Passeggiate ed escursioni

nell' Alta Val Venosta

Laghetto "Pfaffensee"

 Un sentiero che si affronta senza difficoltà, e per questo particolarmente adatto alle famiglie, conduce fino ai romantici Laghi del Prete. L’escursione di circa mezz’ora, molto ben marcata, conduce dalla stazione a monte della seggiovia di Prämajur fino al lago, lungo un ampio sentiero che si può percorrere anche con passeggino al seguito. Per proseguire l’avventura di tutta la famiglia, si può continuare poi lungo il sentiero che circonda il Lago del Prete. Per chi ama la pesca lo scenario idilliaco è perfetto per catturare trote di ruscello e salmerini alpini. Visualizzando la licenza di pesca valida il biglietto goirnaliero si ottiene alla stazione monte.

Watles croce

Cima del monte Watles

 Il Watles non è il monte più alto del Gruppo del Sesvenna, ma è sicuramente quello che offre i paesaggi e i panorami più spettacolari. La sua cima, il Pitz Watles, si trova a 2557 m sul livello del mare. Il sentiero ben marcato sale costantemente, ma mai eccessivamente, fino alla croce sulla cima, che si raggiunge dopo ca. 1,5 - 2 ore dalla stazione a monte della seggiovia di Prämajur.

Gola d'Uina

Sulle tracce dei contrabbandieri - affascinante escursione sull’Alta Via Sesvenna alla Gola Uina, un sentiero lungo 900 m unico nel suo genere, scolpito nella roccia tra il 1908 e il 1910. 


 Percorso: stazione a valle Watles - si sale in seggiovia alla stazione a monte Watles - Alta Via di Slingia n. 8 A e n. 8 per il rifugio Sesvenna (2256 m) - sentiero n. 18 in direzione di passo Slingia (2309 m) e del confine italo-svizzero (2295 m) - gola Uina, ca. 1 ora dal rifugio Sesvenna - ritorno al rifugio Sesvenna a ritroso - sentiero n. 1 per la malga Slingia - Slingia - ritorno a Prämajur con il taxi per escurisonisti.

Laghetti Zirmtal

Da Montefranco fino al bellissimo lago Zirmtal. 

 Accesso da Castelbello fino al borgo montano Montefranco e fino al parcheggio „vecchia segheria“ (ca. 1450m).
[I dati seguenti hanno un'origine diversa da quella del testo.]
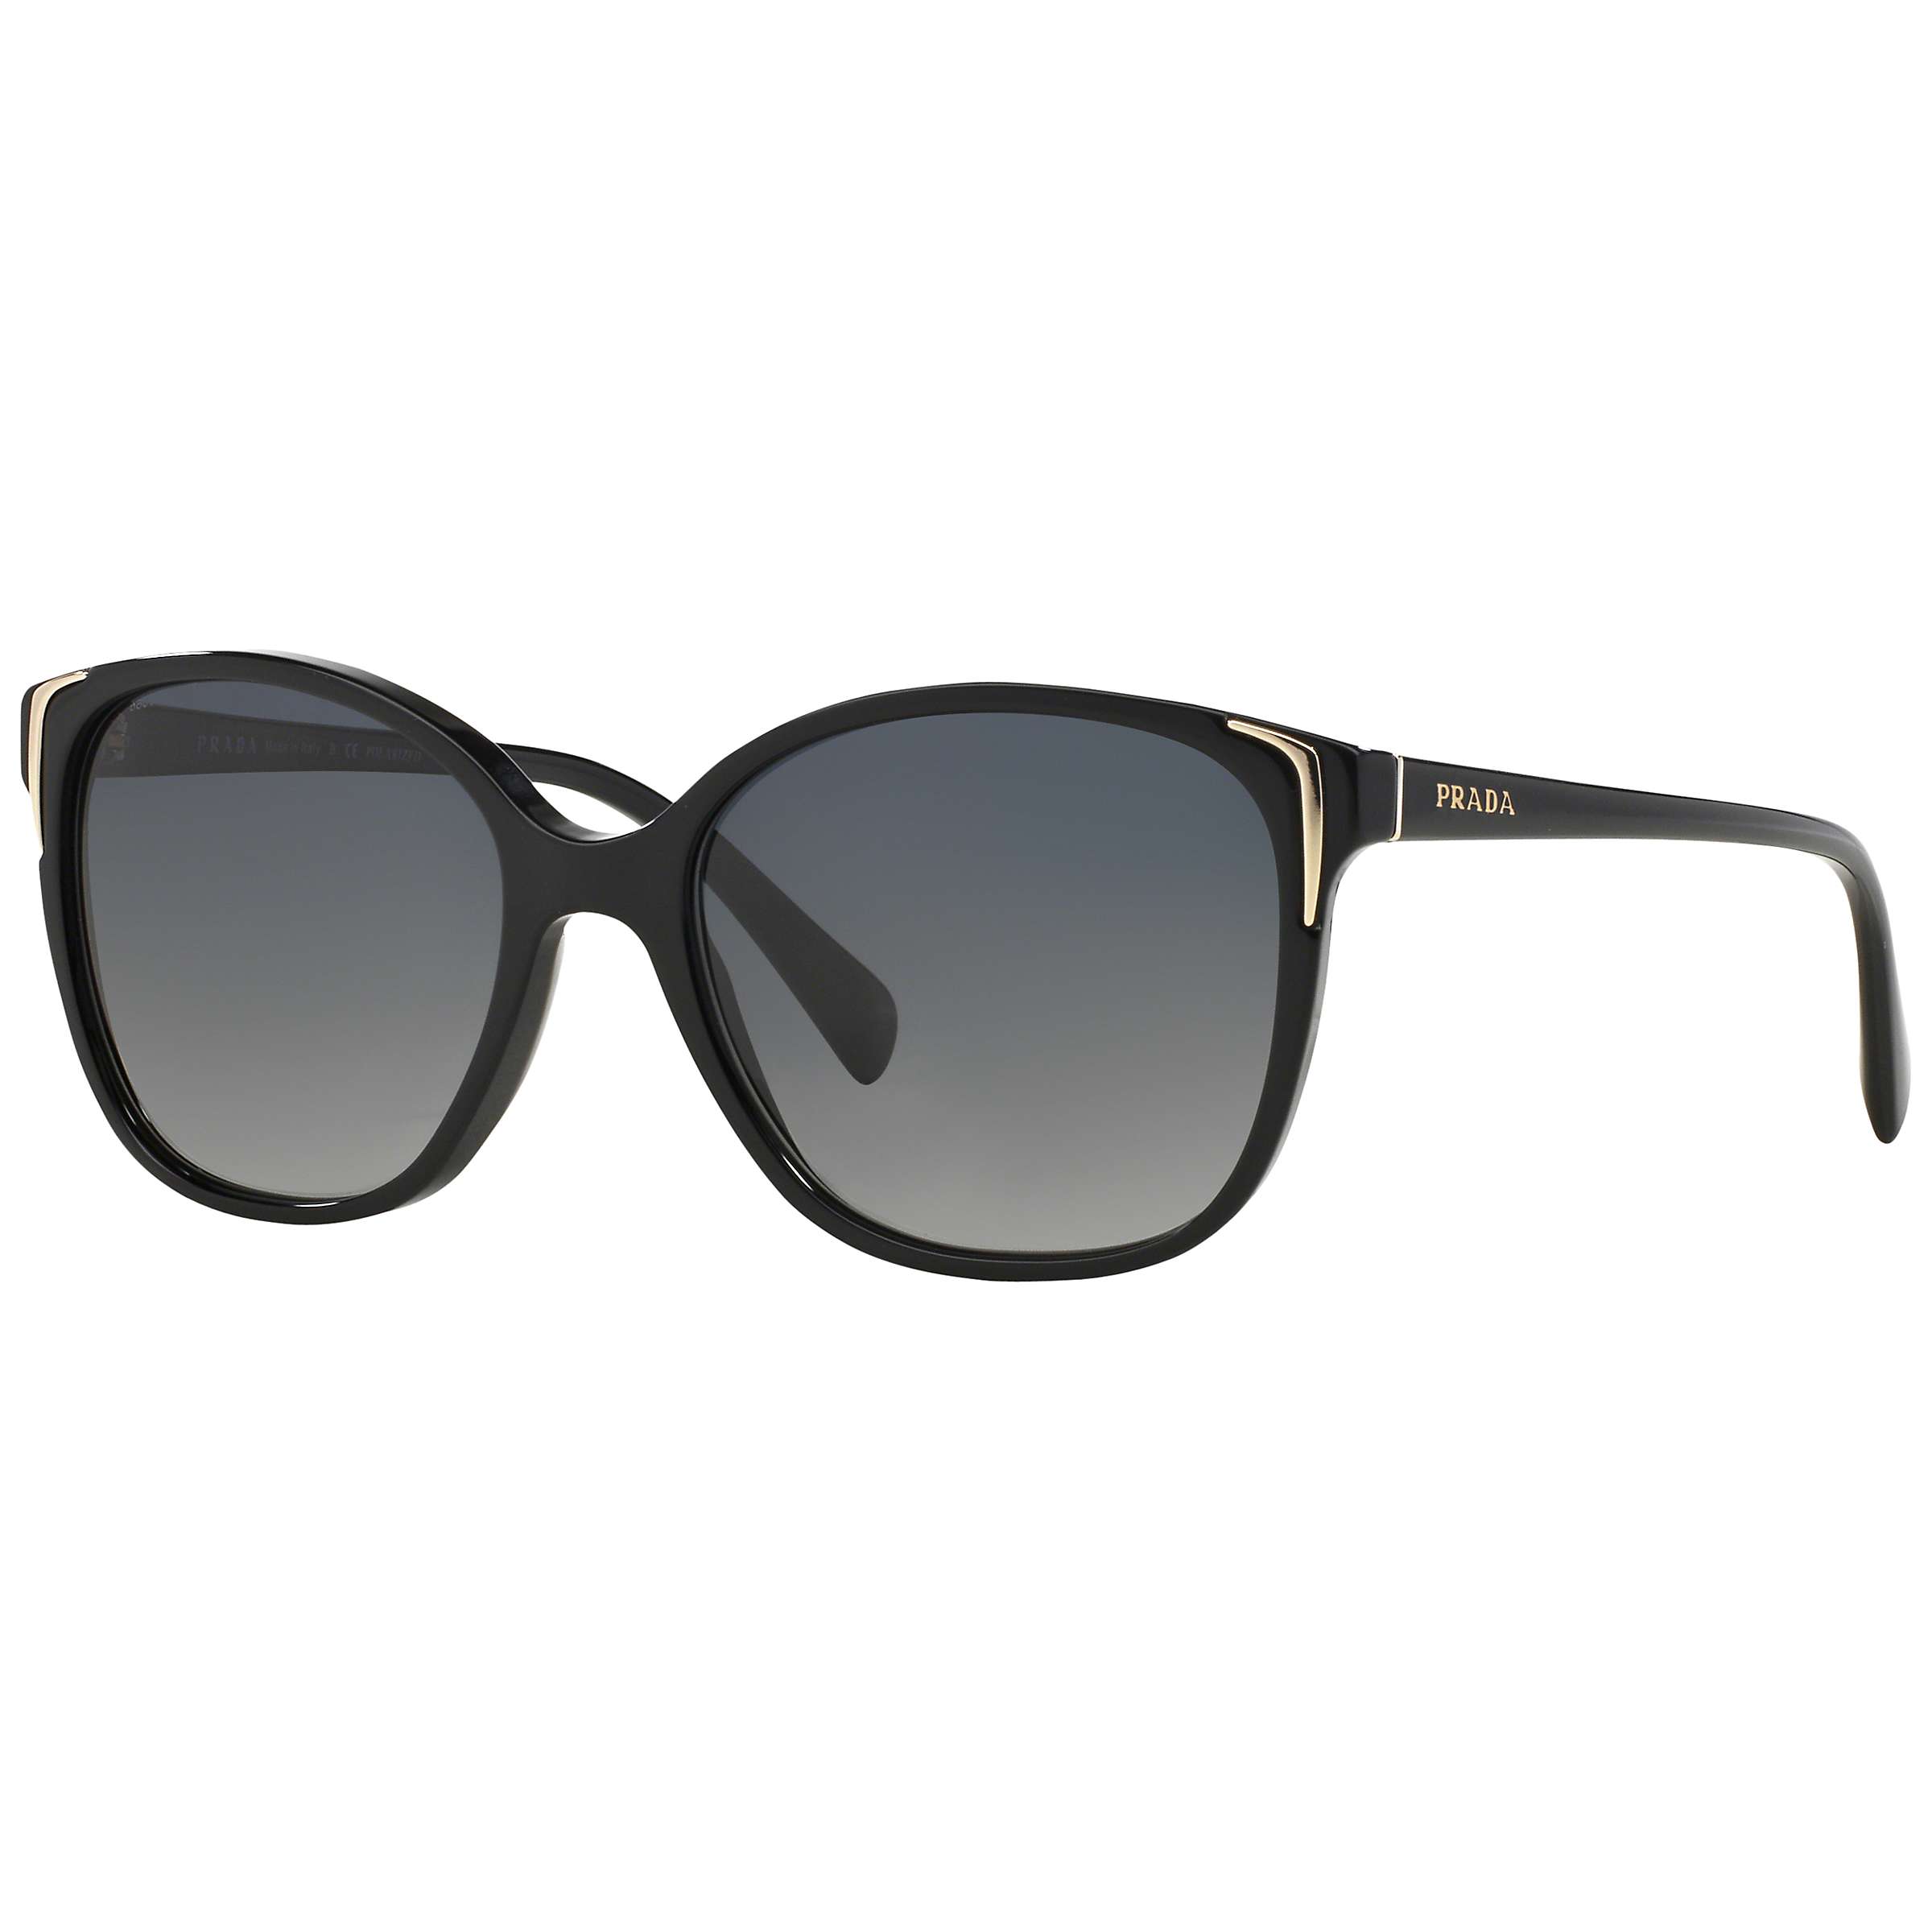 Buy Prada PR01OS Oval Sunglasses, Black Online at johnlewis.com

Camminate sulla strada forestale attraverso il bosco fino alla Malga di Marzon (1600 m, posto di ristoro) e continuate in direzione sud-est attraverso il bosco fino alla radura della vecchia Malga Schweinstall (1810 m) e su un sentiero ripido attraverso la valle fino ai Laghi Zirmtal (2114 m). Scendete sullo stesso sentiero della salita.
 Nel mese di giugno potete godere bellissimi rododendri lungo il sentiero. 

1x la settimana invitiamo i nostri ospiti ad una passeggiata guidata a piedi 
oppure in inverno con le ciaspole.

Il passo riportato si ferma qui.